Last Acts: A Vision for Better Care at the End of Life

Music to the Ears of the Dying

By: Harris K

Published: December 30, 2004

Sometimes there's just no medical substitute for the soul-soothing power of music. Operating on that premise since 1992, the Chalice of Repose Project, based in Missoula, Mont., has relieved both the mental and physical pain of countless patients facing the end of life.

The project operates as an end-of-life patient care program dedicated to lovingly serving the physical and spiritual needs of the dying through the use of prescriptive music. Housed within the 195-bed acute care facilities of St. Patrick Hospital, the Chalice of Repose Project makes use of a relatively new field of music called music-thanatology.

The field was developed by Therese Schroeder-Sheker and seeks to offer patients and loved ones something meaningful and calming when medical interventions are no longer beneficial.

From its earliest inception, the Chalice of Repose Project vision has been to lovingly serve the physical and spiritual needs of the dying with the delivery of prescriptive music, live at the bedside of the dying person, comments Schroeder-Sheker. “Patients are not wired or connected to more invasive technologies, electrodes or probes. No additional medical apparatus is involved in either delivering or receiving prescriptive music.”

Chalice of Repose practitioners attend deathbed vigils with only their harps and their voices as an offering. The live music is played at the patients' bedside and is designed specifically for the patients' needs. The musical caregiver sets up next to the bed and delivers restful, peaceful harmonies that can facilitate what they describe as “the unbinding process that is central to a peaceful, blessed death.”

It is the beats, the rhythms, and the tone of the music that carry the power to stimulate and soothe processes in the physical body. Practitioners and patients of this therapy notice physiological changes in the patient's nervous, respiratory, circulatory, and metabolic systems. The physical and emotional relief that these changes bring can account for the reduced pain and anxiety that so typically accompany the final hours of debilitating disease.

“Prescriptive music reflects the constantly changing physiological condition of the patient as evidenced by continually monitored vital signs,” says Schroeder-Sheker. “We underscore the differences between live music and prescriptive music. Prescriptive music cannot be prerecorded, for then it could not be responsive to actual fluctuating respiratory patterns, for example, or the sudden spike of an inflammatory condition.”

Throughout the six-and-a-half-year history of the unique program, the professional music-thanatologists have attended over 2000 deathbed vigils. The graduate program is rigorous, encompassing four semesters with over 900 contact hours in five tracts: academic, musical, medical, clinical, and interior. Among these and other commitments, students must complete a year-long clinical internship, a professional paper, and numerous, comprehensive exams.

The scientific basis for music-thanatology stems from Schroeder-Sheker's 25 years of clinical work with the dying. However, the historical and spiritual basis for the work finds roots in monastic medicine, developed at the medieval monastery of Cluny, France.

“We look deeply into the nature of health, illness, disease, life and death,” says Schroeder-Sheker. “Our modern-day inspiration, of course, is palliative medicine.”

It is important to note that music-thanatology is a different field from music therapy. Music-thanatology carries a focus solely based on palliative medicine and care of the dying. Music-thanatologists are caregivers with specific education in medicine and end-of-life care. It is that specific nature of the field, among other differences, which sets it apart. By contrast, music therapy is a field focusing on the assessment of emotional well-being, physical health, social functioning, communication abilities, and cognitive skills through musical responses.

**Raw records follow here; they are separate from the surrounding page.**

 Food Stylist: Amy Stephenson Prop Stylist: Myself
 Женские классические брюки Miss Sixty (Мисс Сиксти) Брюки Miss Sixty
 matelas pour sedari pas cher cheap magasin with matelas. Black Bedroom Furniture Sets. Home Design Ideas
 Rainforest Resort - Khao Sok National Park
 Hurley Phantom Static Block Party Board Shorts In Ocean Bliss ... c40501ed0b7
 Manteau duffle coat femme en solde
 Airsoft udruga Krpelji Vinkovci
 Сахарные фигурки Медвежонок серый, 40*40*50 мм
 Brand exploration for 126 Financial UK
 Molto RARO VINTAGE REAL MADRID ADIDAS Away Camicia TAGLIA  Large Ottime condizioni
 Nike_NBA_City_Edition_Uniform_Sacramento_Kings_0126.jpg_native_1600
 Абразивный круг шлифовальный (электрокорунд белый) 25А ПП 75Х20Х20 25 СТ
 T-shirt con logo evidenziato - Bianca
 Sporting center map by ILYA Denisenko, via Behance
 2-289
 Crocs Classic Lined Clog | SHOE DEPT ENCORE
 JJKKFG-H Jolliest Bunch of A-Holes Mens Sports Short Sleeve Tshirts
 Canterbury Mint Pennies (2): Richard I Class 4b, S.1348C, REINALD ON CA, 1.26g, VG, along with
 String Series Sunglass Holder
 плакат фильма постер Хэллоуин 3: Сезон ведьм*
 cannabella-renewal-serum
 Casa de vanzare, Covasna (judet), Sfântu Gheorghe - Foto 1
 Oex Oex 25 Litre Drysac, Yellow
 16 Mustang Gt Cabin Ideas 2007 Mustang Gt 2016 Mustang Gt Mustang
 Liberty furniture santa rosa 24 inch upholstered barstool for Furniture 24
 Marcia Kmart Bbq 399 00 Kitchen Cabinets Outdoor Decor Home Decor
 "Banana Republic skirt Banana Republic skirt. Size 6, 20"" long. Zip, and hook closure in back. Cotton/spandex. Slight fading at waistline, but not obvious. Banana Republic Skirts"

Chalice of Repose practitioners are finding that their work is confidently supported by the physicians and nurses at St. Patrick's Hospital. The practice offers these doctors something they can offer families and patients when “heroic” measures to save a life are no longer feasible. The comfort and beauty that the harpists' therapy brings to a patients' bedside can quite often be the best way for a dying patient to let go of physical fears and spiritual reservations.

Although the job of a music-thanatologist at St. Patrick's Hospital is quite often hectic, the practitioners take comfort in the visible fruits of their labor. It is not uncommon for The Chalice of Repose office to receive letters, calls, pop-in visits and memorial contributions on almost every day of the week. With these daily reminders of success all around, this innovative program has positioned itself to be a vital standard component of supportive care of the dying.

This article was posted on www.lastacts.org on May 6, 1999.

Editor's Note: This article was originally published on www.lastacts.org, the Web site for Last Acts, formerly a national program of the Robert Wood Johnson Foundation. Be advised that the content of this article might be dated or inaccurate. The Foundation is reprinting the article here as a matter of general and historical interest.